Galbeta1,3GalNAc and Galbeta1,4GIcNAc are the subterminal saccharide structures present on the CT carbohydrate antigen GalNAcbeta1,4[NeuAcalpha2,3]-Galbeta1-(3GalNAc or 4GIcNAc)-R, which is localized at the mammalian neuromuscular junction. Here we show that Galbeta1,3GalNAc, Galbeta1,4GIcNAc, and the CT carbohydrate antigen affect postsynaptic assembly in cultured muscle cells. Treatment of C2C12 myotubes with benzyl-O-alpha-GalNAc or neuraminidase increased peanut agglutinin (PNA) expression and AChR clustering. Induction of AChR clustering was blocked by PNA and by muscle agrin. Addition of Galbeta1,4GIcNAc or Galbeta1,3GalNAc increased AChR clustering in myotubes and muscle-specific kinase (MUSK) autophosphorylation in vitro, while NeuAcalpha2,3Galbeta1,4GIcNAc and Galbeta1,4GIc did not. Neural agrin activated MuSK in vitro if the lactosamine-containing mucin domain was present, and this activation was blocked in large part by Galbeta1,3GalNAc and Galbeta1,4GIcNAc.
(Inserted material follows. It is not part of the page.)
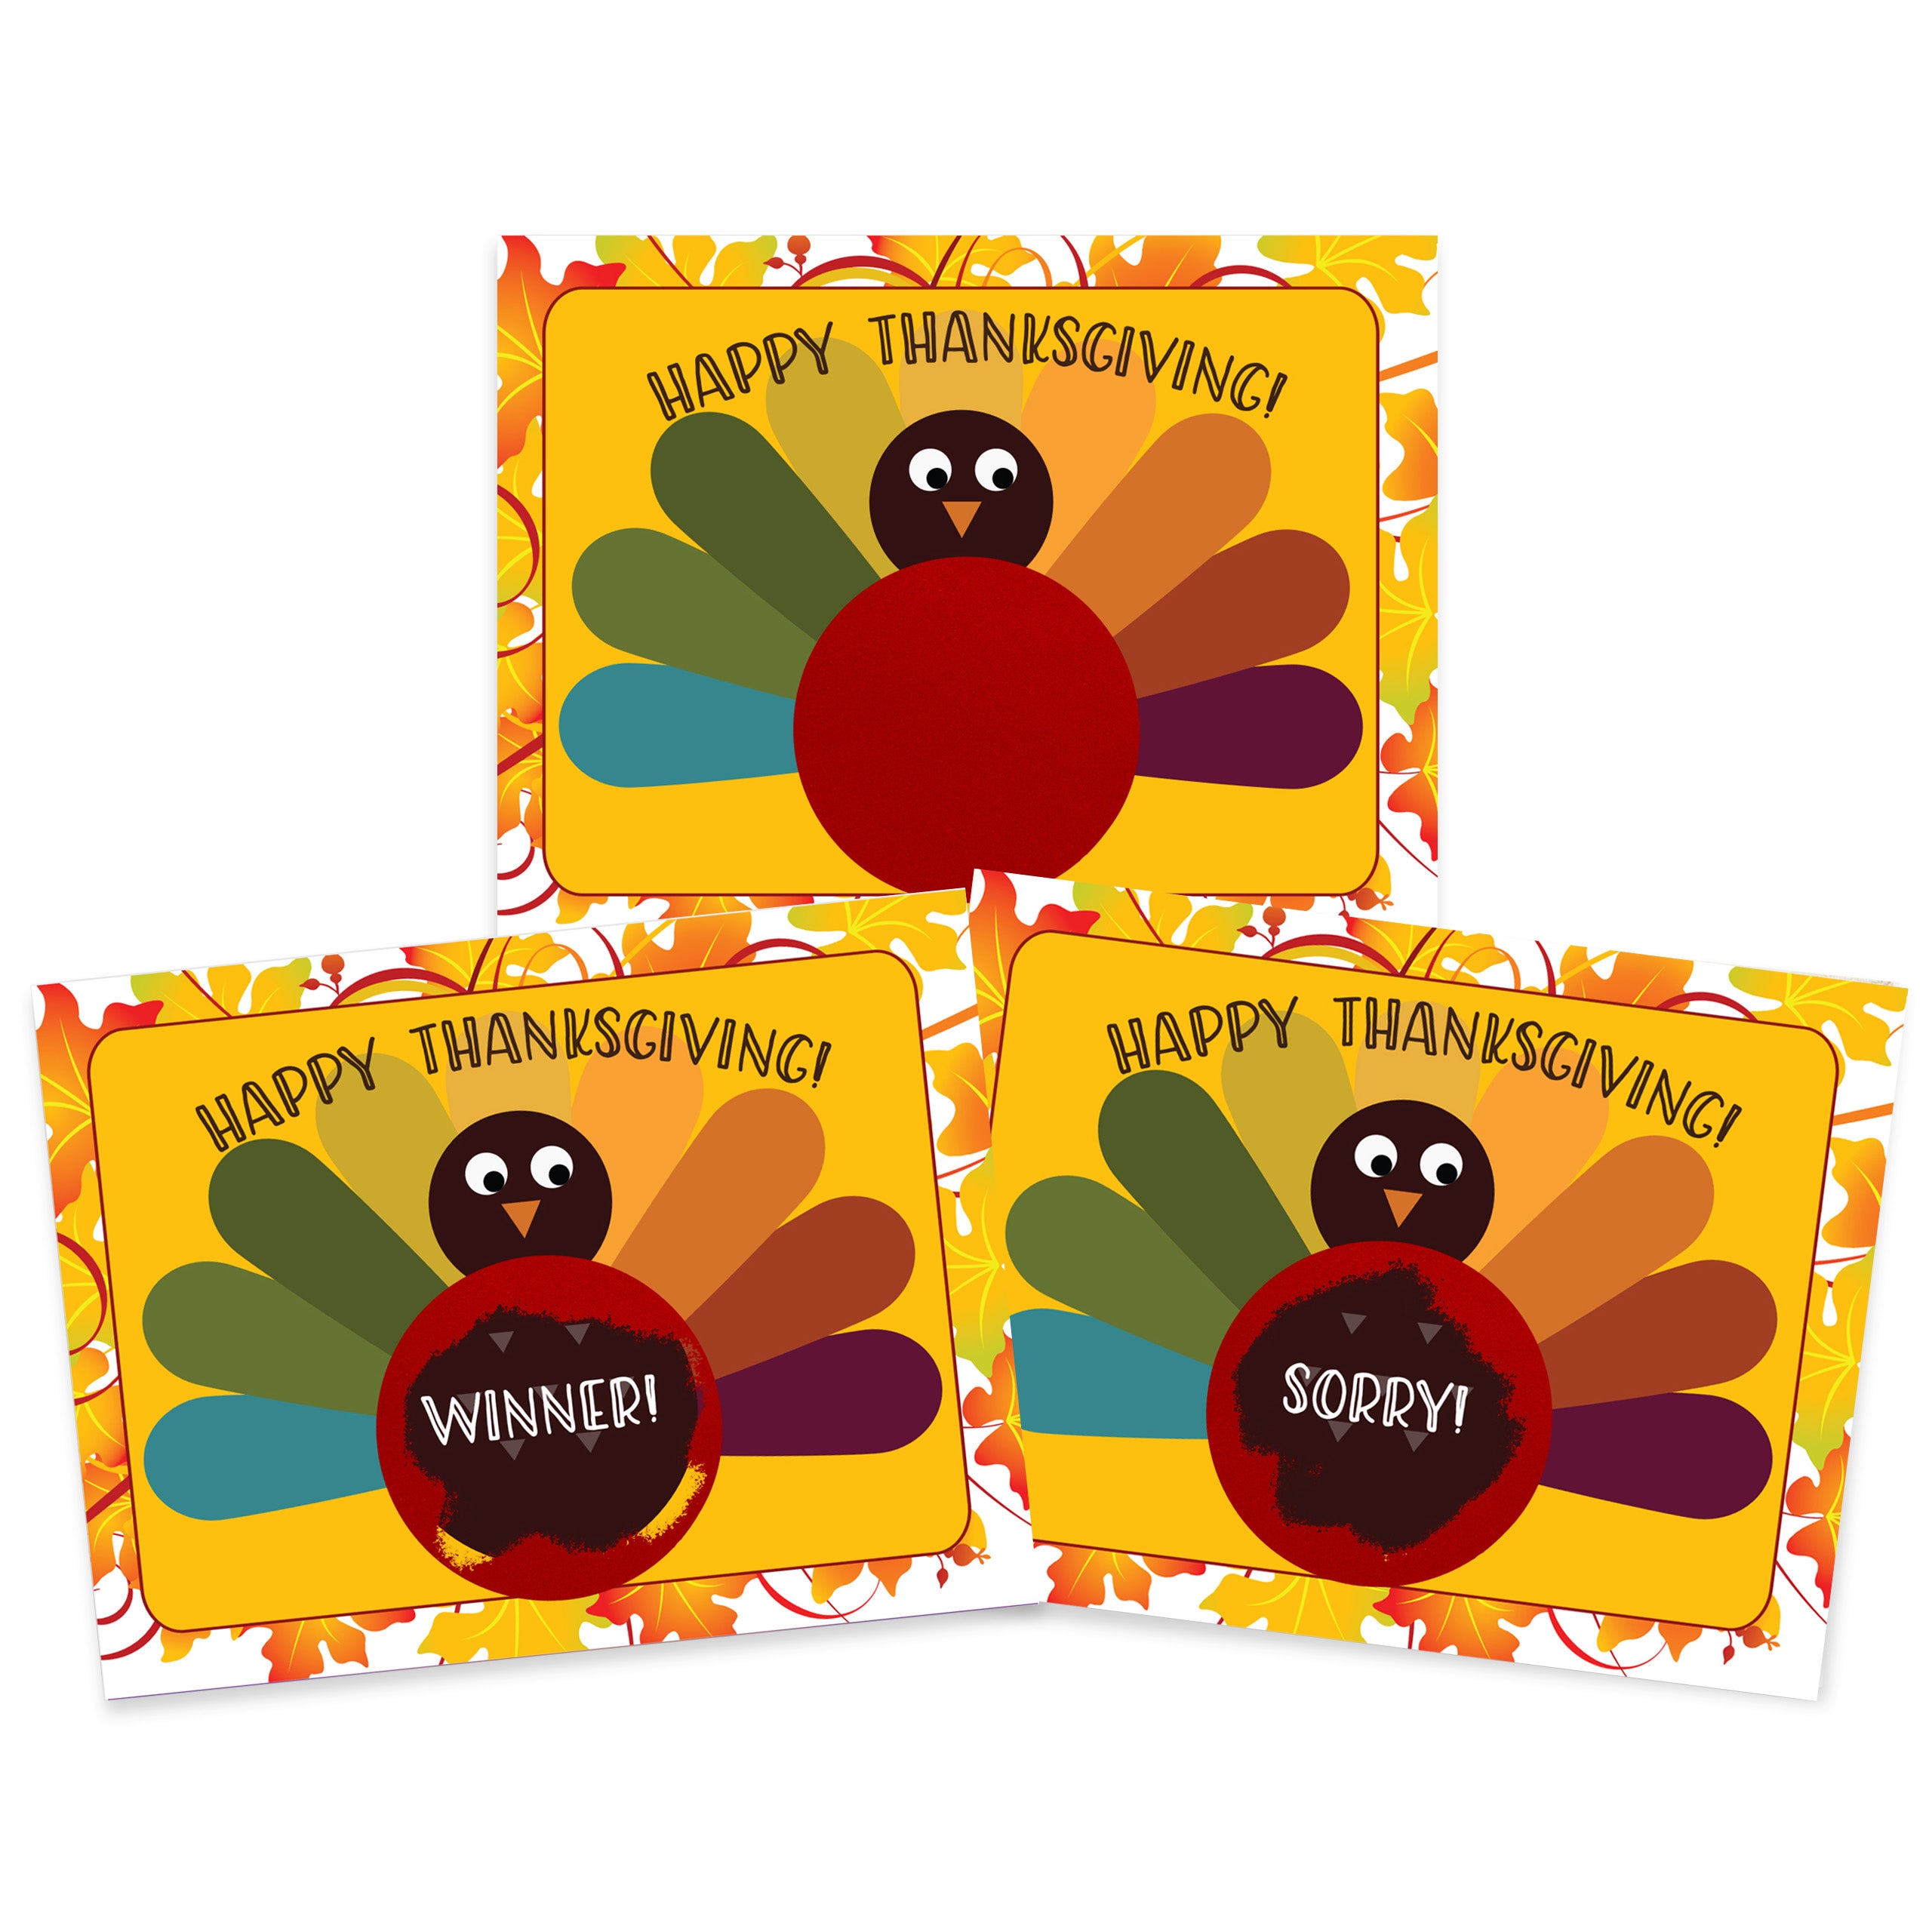 Thanksgiving Turkey Scratch Off Game 26 Pack - 2 Winning and 24 Non-Winning Cards - My Scratch Offs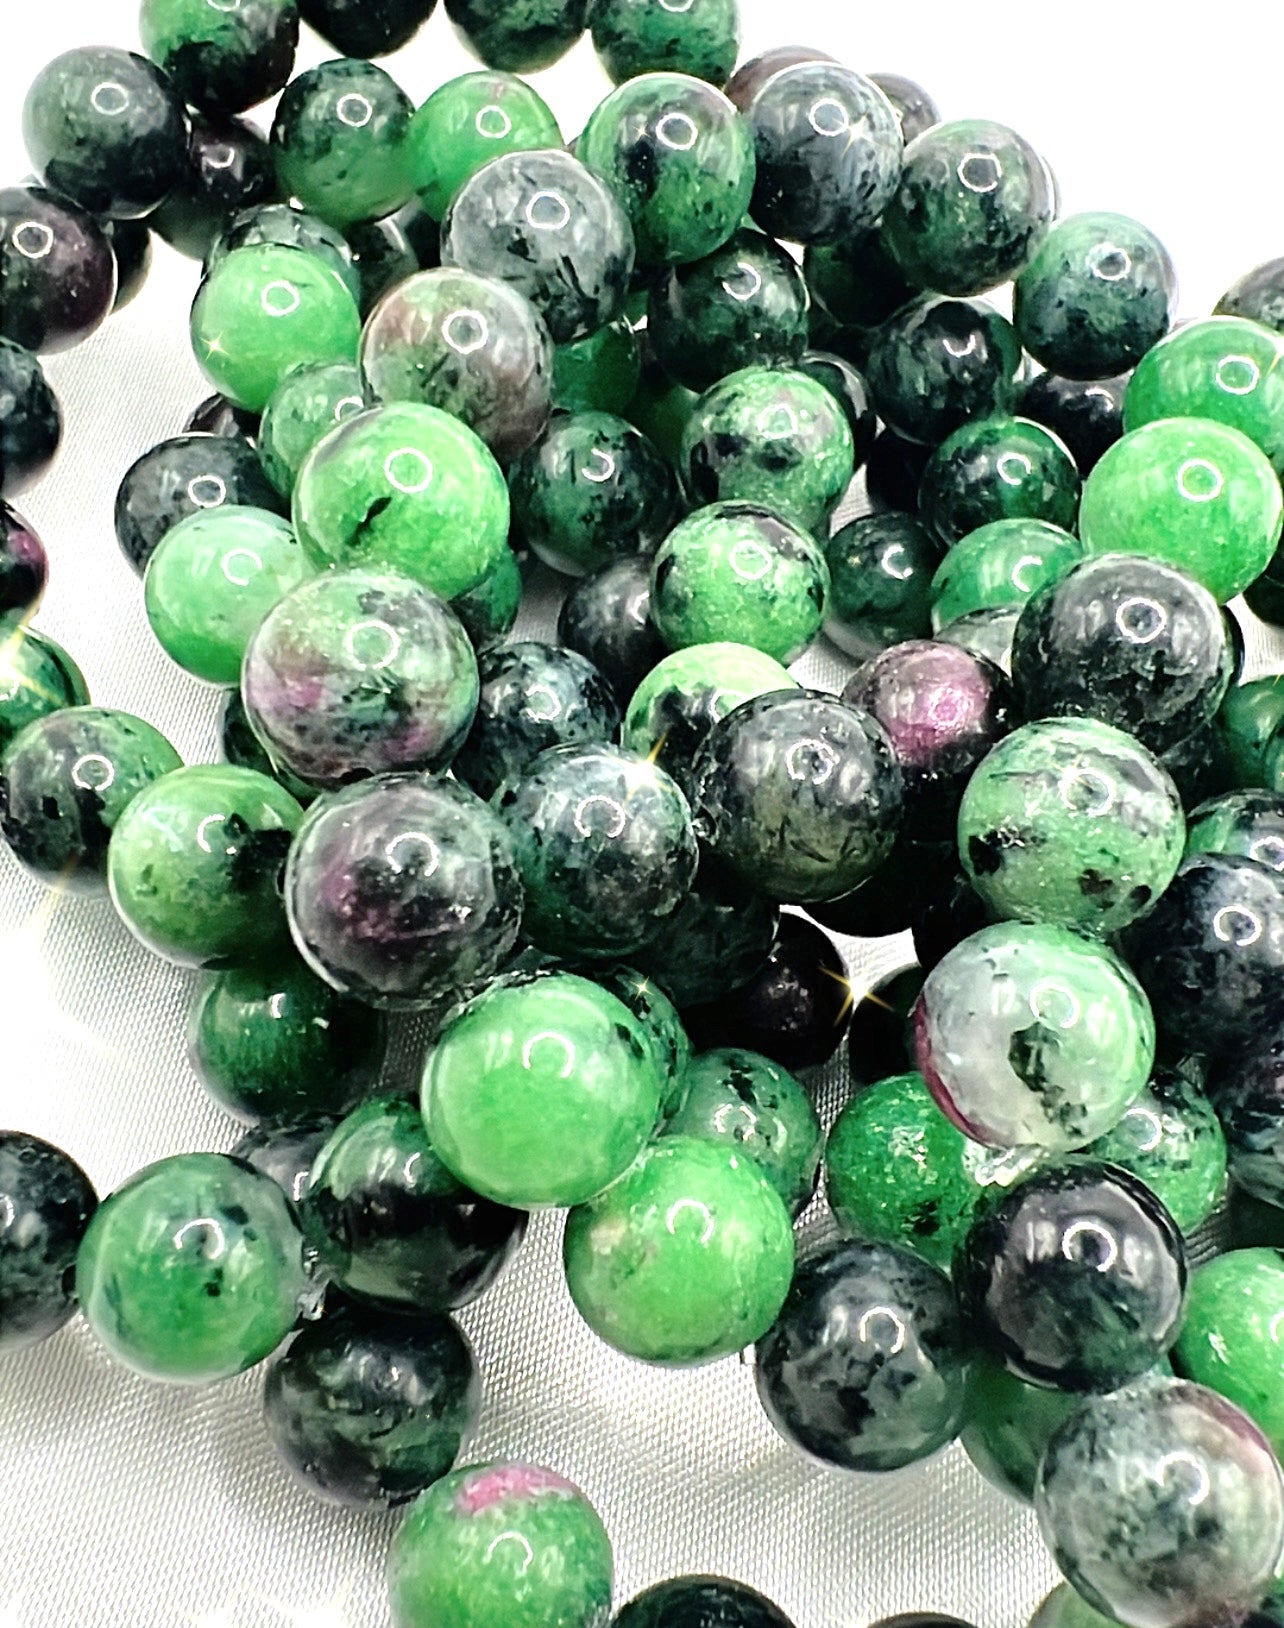 RUBY ZOISITE BRACELET-soothe emotional pain, make connections, fertility

Agrin fragments and MuSK bound to these disaccharides with differing specificities. Overexpression of the CT carbohydrate antigen also increased AChR clustering and MuSK autophosphorylation in the presence of neural agrin. These data suggest a model in which different portions of the CT carbohydrate structure contribute to agrin-dependent signal transduction.[1]